Нет никому дела, что он, Завьялов, один. Но разве кто знает, что он один? Бежать куда-нибудь, уйти… Стучат сильней и сильней часы, будто торопят… Но куда уйдешь? Все равно и на улице и среди друзей он будет неразлучен со своим одиночеством… И так до конца… И никто не виноват… Жизнь прожита…

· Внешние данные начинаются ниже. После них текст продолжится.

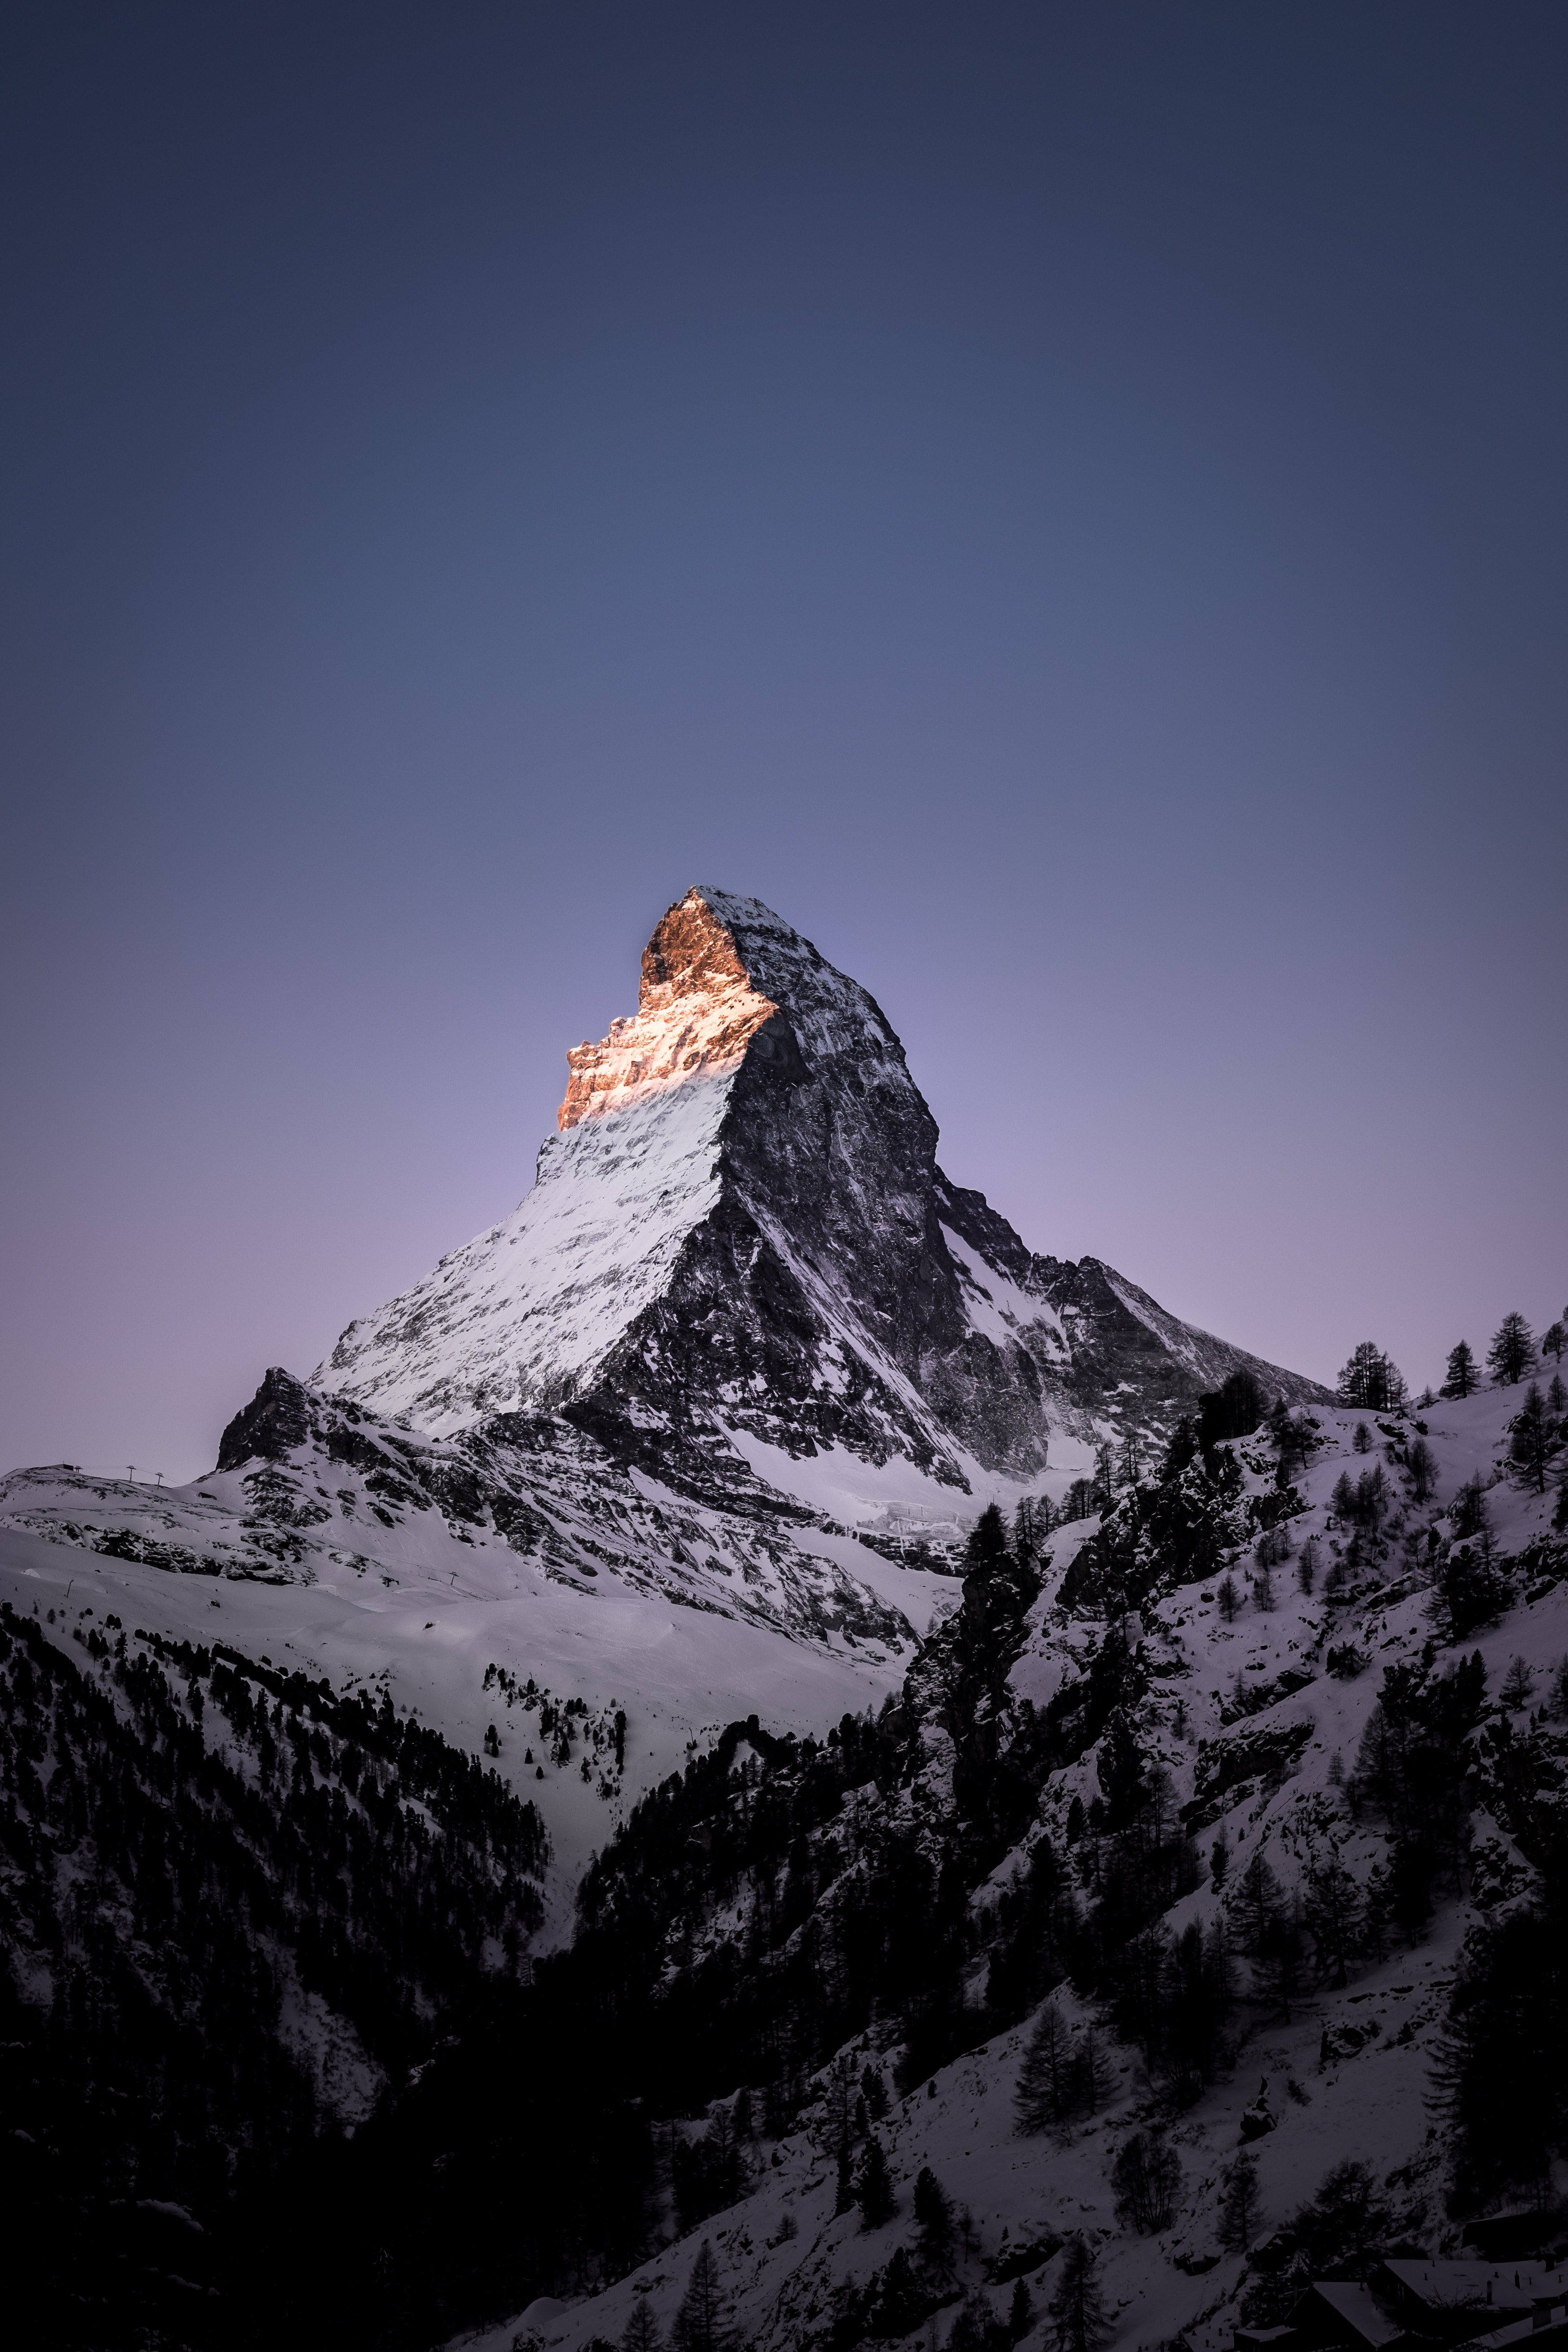 Los mejores fondos de pantalla de Zermatt para la pantalla del teléfono

«Как же это так, что для меня ничего нет? Должна быть какая-то надежда. Должно же случиться что-нибудь хорошее. Непременно случится, — и Завьялов улыбнулся. — Вот уже и надежда… Ведь и это жизнь. Всё — жизнь. Кому — одиночество, кому — счастье и радость. Нет одной мерки для всех. А хорошее случится; раз хочу, то и случится, выйдет, как выходит хорошая работа при желании, чтобы работа была хорошей… Просто в это нужно поверить».

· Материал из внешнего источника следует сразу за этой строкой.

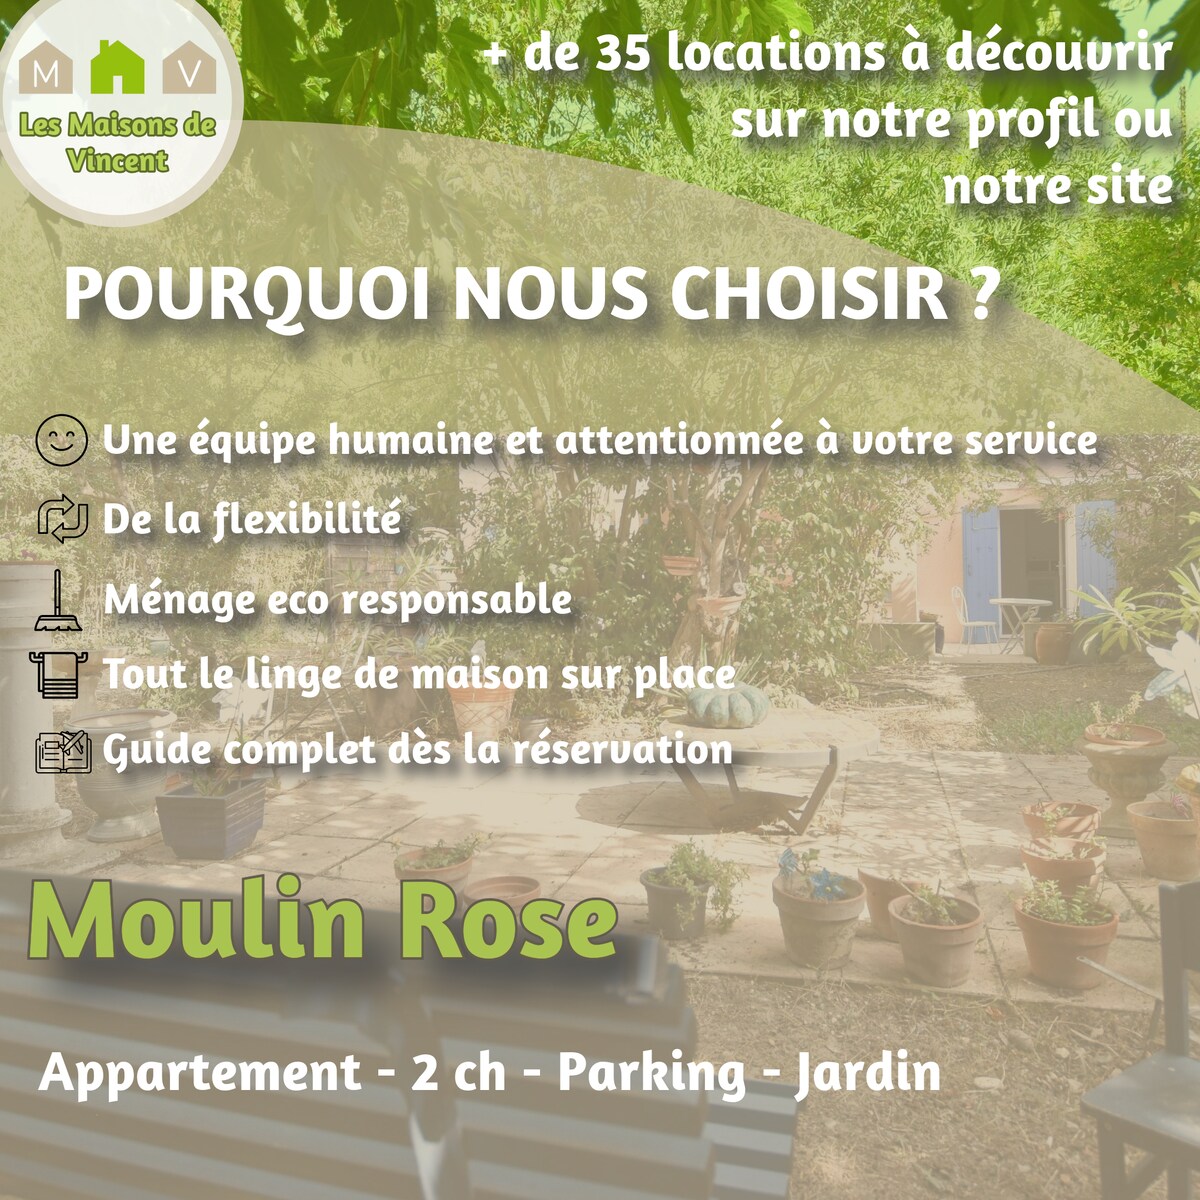 Moulin Rose、花园和停车场

Фонарь за окном померк, что-то черное заслонило его: ветвь липы закачалась от ветра. Зеленые листья сейчас просвечены фонарем до прожилок.
«Деревья облетают по осени. Вот и я — как голое дерево».
Напротив из подъезда десятиэтажного дома с разноцветными чистыми огнями в окнах вышла женщина. В руке — чемоданчик.
Она остановилась на какое-то мгновение и посмотрела в окно, где стоял Завьялов. Он отмахнулся даже, словно бы чего-то испугался.
Что это она так вдруг посмотрела на его окно? Случайно или что-то ей надо, что и окно-то знает?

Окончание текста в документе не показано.